7. Ld CIT (Appeals), on appreciation of the factual matrix of the Act and case laws cited by the appellant, adjudicated the issue in favour of the assessee appellant, as per following finding :
“5. I have considered the submission filed by the Ld. Counsels. I have also gone through the MOUs between the appellant company and professional doctors. The various clauses of the MOUs need to be examined in the light of the criteria laid down by the Courts to determine whether the doctors attached to the appellant hospital are employees of the hospital. The test which is uniformly applied in order to determine whether a particular relationship amounts to employer-employee relationship is the existence of a right of control in respect of the manner in which work is to be done by the person employed. The nature and extent of control which is requisite to establish the relationship of employee and employer varies from business to business.”
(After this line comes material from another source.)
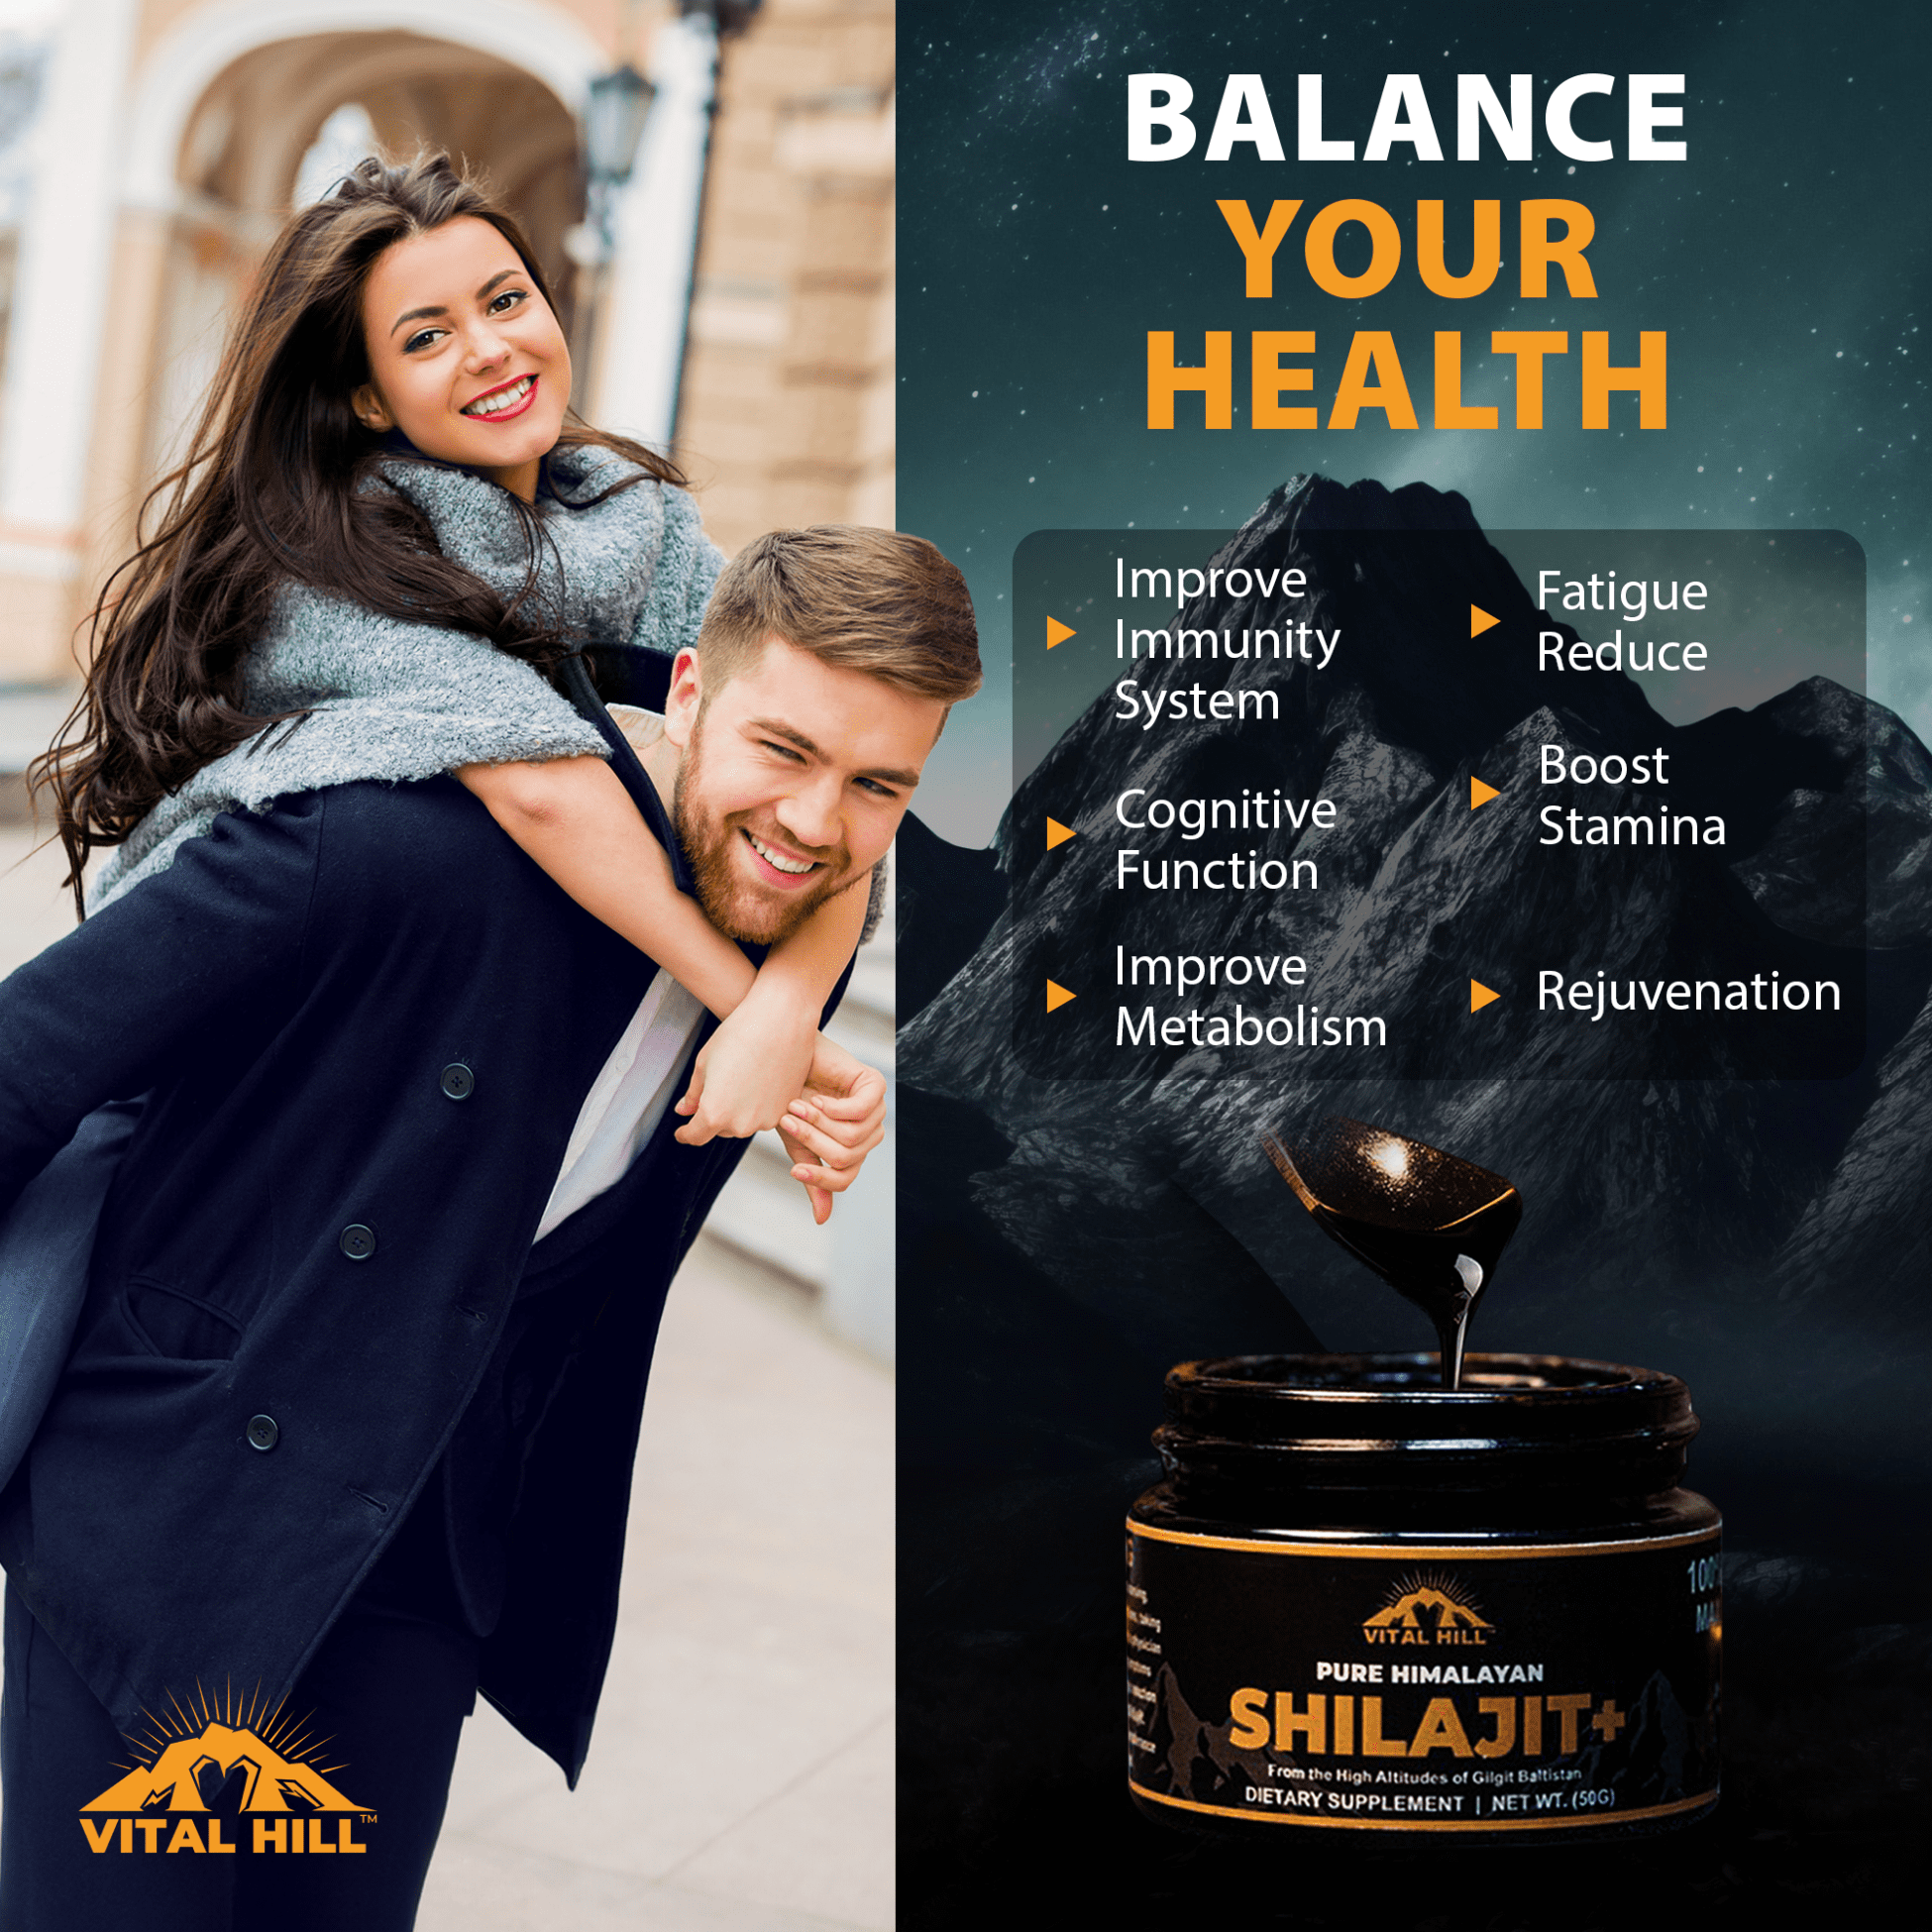 Balance you health with Vital Hill Shilajit. It Improve Immunity Support. Reduce Fatigue. Cognitive Function. Boosts Stamina. Improve Metabolism. Rejuvenation
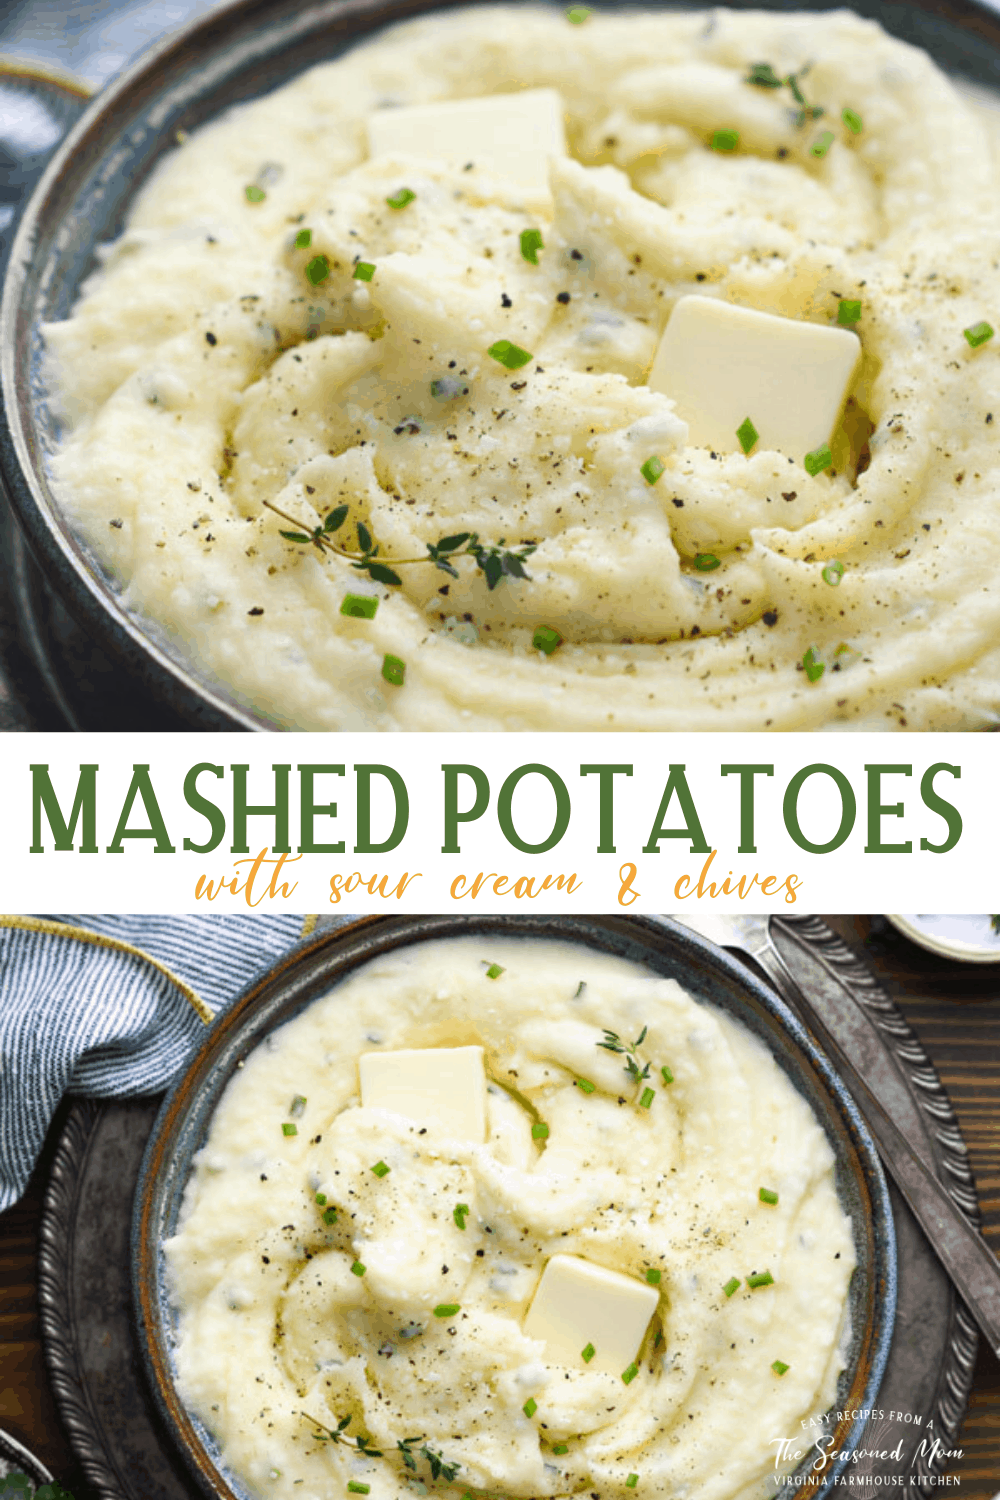 Mashed Potatoes with Sour Cream and Chives - The Seasoned Mom

8. A bare perusal of the case law, relied upon by the appellant and submissions made in the synopsis reveals that there does not exist employer-employee relationship between the assessee appellant and the persons providing professional services. On consideration of the agreement in its entirety vis-à-vis the case law relied upon by the assessee appellant, it is evident that it is not a case of employer-employee relationship between the assessee appellant and the doctors. Therefore, having regard to the detailed analysis and findings of the CIT (Appeals) on the issue in question, it cannot be said that findings of the ld CIT (Appeals) suffer from any infirmity. In view of this, findings of the CIT(Appeals) are upheld.
9. In the result, appeal of the revenue is dismissed.
10. The above findings are applicable in both the appeals of the revenue (ITA No. 731 & 732/Chd/2012). Accordingly, both the appeals of the revenue are dismissed.